Вдруг монеты, рассыпанные подле камня, желтые и белые, посеребренные, а то и с легкой позолотой, зазвенели. Бальжи поднял голову и увидел большого рыжего пса и сказал со вспыхнувшей радостью в голосе:
— Должно быть, Агван-Доржи близко…
А вот и он, худой и рослый, в желтом одеянии и в стоптанных санадалиях, в серой тюбетейке на бритой голове, подошел к ним, сказал, обращаясь к шаману:
— Эк-ка! Глянул бы ты на себя со стороны, ох, и удивился бы: весь в мыле, как загнанный стригунок.
Рассмеялся невесть чему, в глазах заблистало шальное что-то, снял с шеи бусы, долго разглядывал их, как бы не признавая, и можно было подумать, что он не в себе; Бальжи так и подумал, хотя и привык к тому, что монах иной раз мог выкинуть несвычное с людскими повадками, отчего, случалось, его называли блаженным. Но стоило рыжему псу подойти к Агвану-Доржи и потереться об его ногу, как тот очнулся, губы слегка покривились, точно бы утаивая виноватость.
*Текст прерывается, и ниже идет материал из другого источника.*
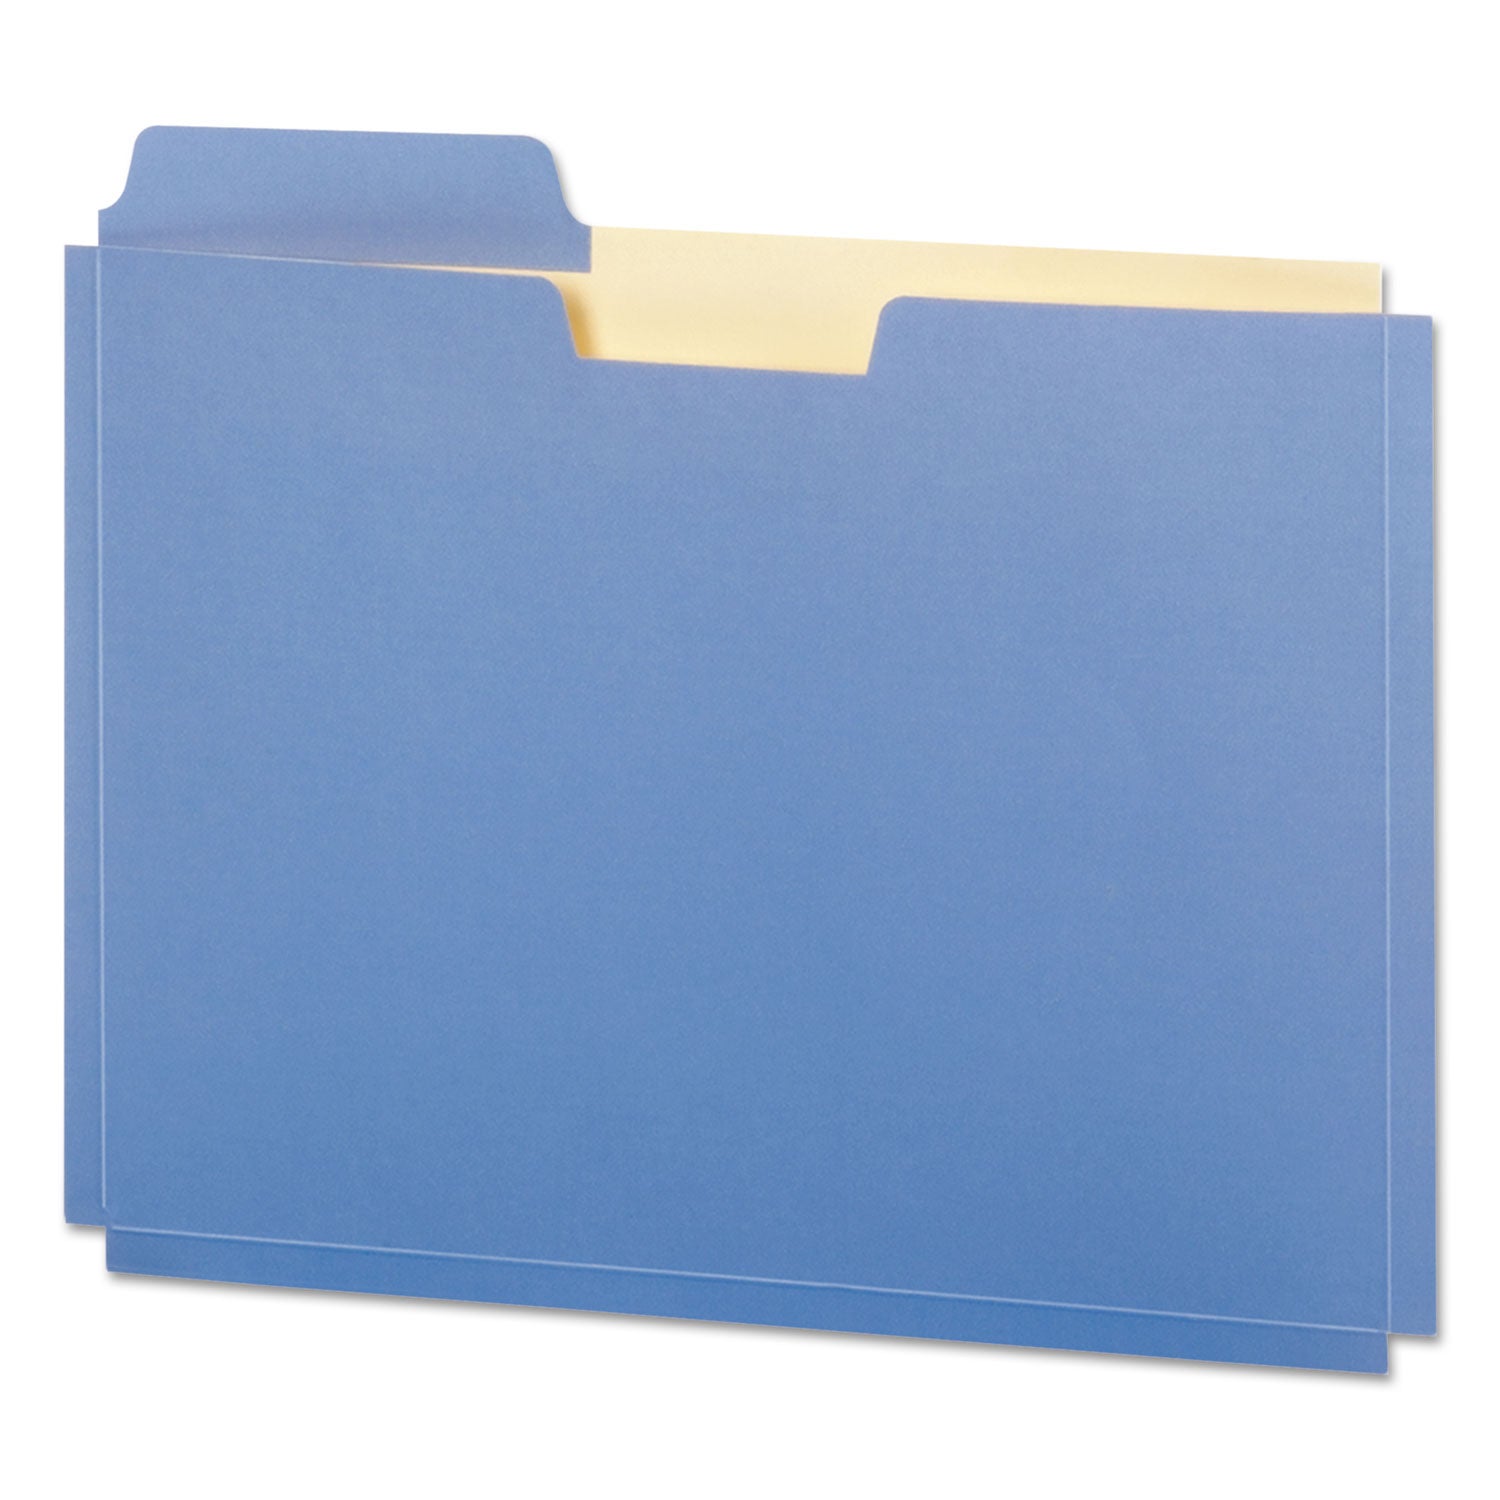 file-folder-pocket-075-expansion-letter-size-assorted-colors-10-pack_pfxfp153l10asst - 1

— Человек должен искать в душе своей, — спустя немного сказал он. — Никто не поможет ему найти умиротворение, тут даже Боги бессильны. Они сами являются отражением человеческой души. Творец всех деяний, земных и небесных, живет в нас, только мы не замечаем этого, нам приятней сознавать, что мы слабы и безвольны, ждем, когда Всесильный возьмет нас за руку и подведет к истине. Но этого не случится, если мы не обретем нужную для продвижения по небесному пути силу духа, не сосредоточим ум не только на ближних предметах, а и на тех, что рисуются в воображении и нередко обретают никем не ведомые очертания.
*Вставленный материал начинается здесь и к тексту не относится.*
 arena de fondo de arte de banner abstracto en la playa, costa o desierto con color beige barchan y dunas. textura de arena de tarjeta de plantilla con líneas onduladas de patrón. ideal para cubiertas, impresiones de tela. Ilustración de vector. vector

Бальжи и шаман со вниманием слушали Агвана-Доржи и могли бы согласиться с ним, но что-то в душе сопротивлялось, впрочем, у каждого по-своему, у одного сильнее, у другого послабже. К примеру, Бальжи не хотелось ломать легко томящее чувство, которое в последние леты сделалось устойчиво в нем, не требовало постоянной подпитки, как если бы исчезни это, то и он поменяется и уж не будет тем человеком, кто привык относиться к собственному проживанию на земле как к чему-то естественному, но не совсем обязательному, а после смерти сына в сущности уже никому не надобному. Ну, а шаман не желал расставаться с мыслью, что, благодаря его связи с ближними духами, он еще в состоянии помочь слабому и отчаявшемуся, не хотелось верить, что это не так, и духи бессильны перед земной жизнью. Разве соприкосновение с ними бесцельно? Да нет же, нет, уж он-то знает: не однажды люди, получившие облегчение, тепло отзывались о его старании помочь им. Когда бы он не умел помочь, то и сам отказался бы от своих хождений в миры, где обитают духи.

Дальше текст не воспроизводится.